When it’s not magical

One of my favourite technology quote is attributed to Arthur C. Clarke

Any sufficiently advanced technology is indistinguishable from magic.

When things go well, it really does seem like that at times. I just finished the This Week in Ontario Edublogs show on voicEd Radio. It’s a leap of faith that happens every Wednesday morning. I sit at my desk, talking into a microphone, listen to Stephen Hurley and we chat about five wonderful blog posts from Ontario Educators.

We have faith that there might be people listening to us live on air or, if they aren’t available, the show is available as a podcast later in the day to be downloaded and listened that way.

It really is faith when you think about it. I just have faith that it works; I have faith that Stephen is able to make things happen in the background; I have faith that my technology will work; I have faith that my internet access and his will provide continuous strong connections. I do hedge my bets by having the blog posts that inspire out conversations open in separate tabs and our collaborative document open.

We typically log into the conversation room 15 minutes in advance of the show for a sound check and a quick chat. When the clock hits 8:45, we go live.

Live is something that Stephen suggested we do when we put the show together. Unlike a podcast recording that can be done offline and edited before it’s available to others, we are open with our comments and ever slip of the tongue is caught. It makes for a blooper connection like the time I was singing/humming along to a Strawbs song.

Yesterday, this happened…

As it turns out, the ball had been dropped somewhere along the line!

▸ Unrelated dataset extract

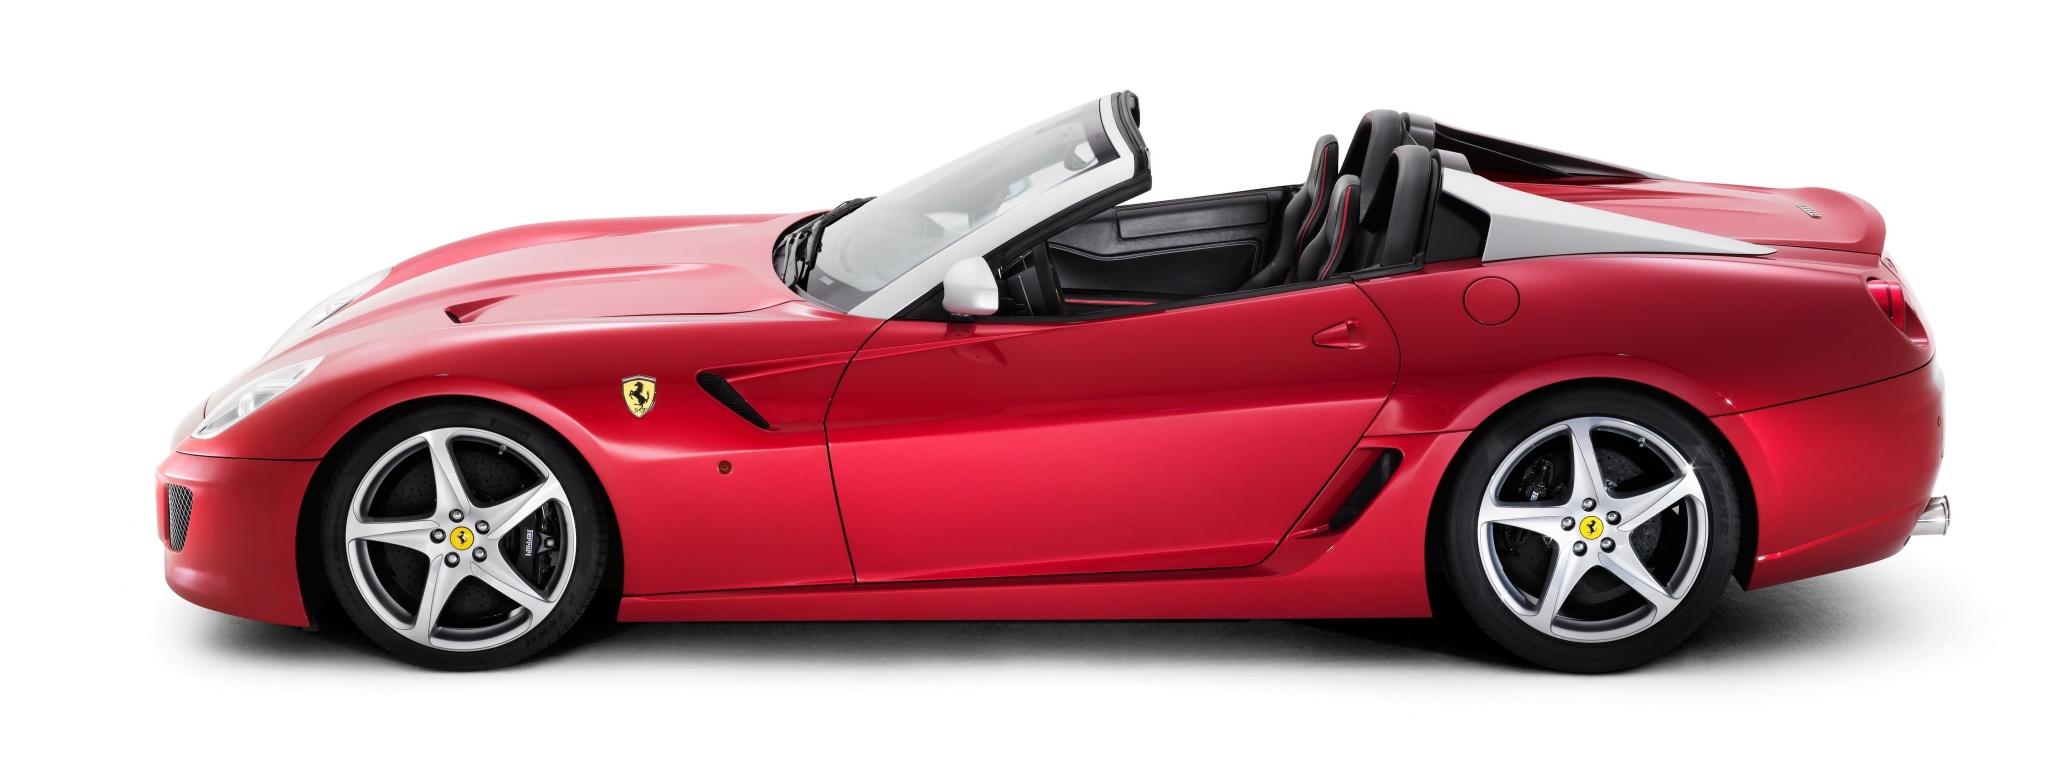 Ferrari Limited Editions 599 Aperta

I was sitting there, still talking, but as Peter notes “until Doug left!”

The reality is that I hadn’t left; I was just talking to myself. I happened to glance over at the Zencastr display and noticed that Stephen had flat lined and I continued to talk. As every high school teacher will have heard a million times from students…

I didn’t do nothing”

Remotely, Stephen then kicked me out of the room and I had to log back in and the conversation continued and we finished the show. Apparently, Stephen will be able to edit the two pieces together for those that download and listen to it later. It will be on the voicEd Radio websitel here. https://voiced.ca/project/this-week-in-ontario-edublogs/

The magic failed us.

My apologies to Amy Bowker whose blog we were talking about at the time.

3 thoughts on “When it’s not magical

  1. Good morning, Doug!

    What you experienced is simply the miracle of live radio, and that’s what makes it so much more exciting than a recorded podcast. I remember in the early days listening to education podcasts and being quite disinterested because they were over-produced and scripted. When #ds106radio came along, the excitement of “live” brought a new energy – turning the live broadcast into something recorded and available later was always possible, but the fact that it was generated live was what made it work. The performance that you give in a “one take” situation is very different from what you do when things can be re-recorded and edited and all polished up. Plus, when you’re doing a broadcast live, you have the opportunity to engage with the audience in real time – – anything that is pre-recorded and then replayed subsequently loses that opportunity for connection and enter play with the audience. Broadcasting live made all the difference for my students when we were doing #105theHive — Connecting with other educators and having their students listen in gave us a real, immediate audience — toss in some tweets from that audience and suddenly the local performers are amazed.

    In the #ds106radio community, there is an expression — “futzing“ — which refers to going on the radio live and trying things out and finding out what works, and learning from your mistakes, and it’s all expected and accepted in the community as part of what everyone does as they learn and share within that space.

    Stephen runs a really tight radio ship, but as you’ve indicated, there are multiple variables at play, and despite the best preparation and best intentions, all it takes is one of those things to act up, and you can have an interruption. It doesn’t happen to Stephen often, and it doesn’t happen to the CBC often, either – – but it does happen to the CBC, and that’s OK. The same goes for you guys.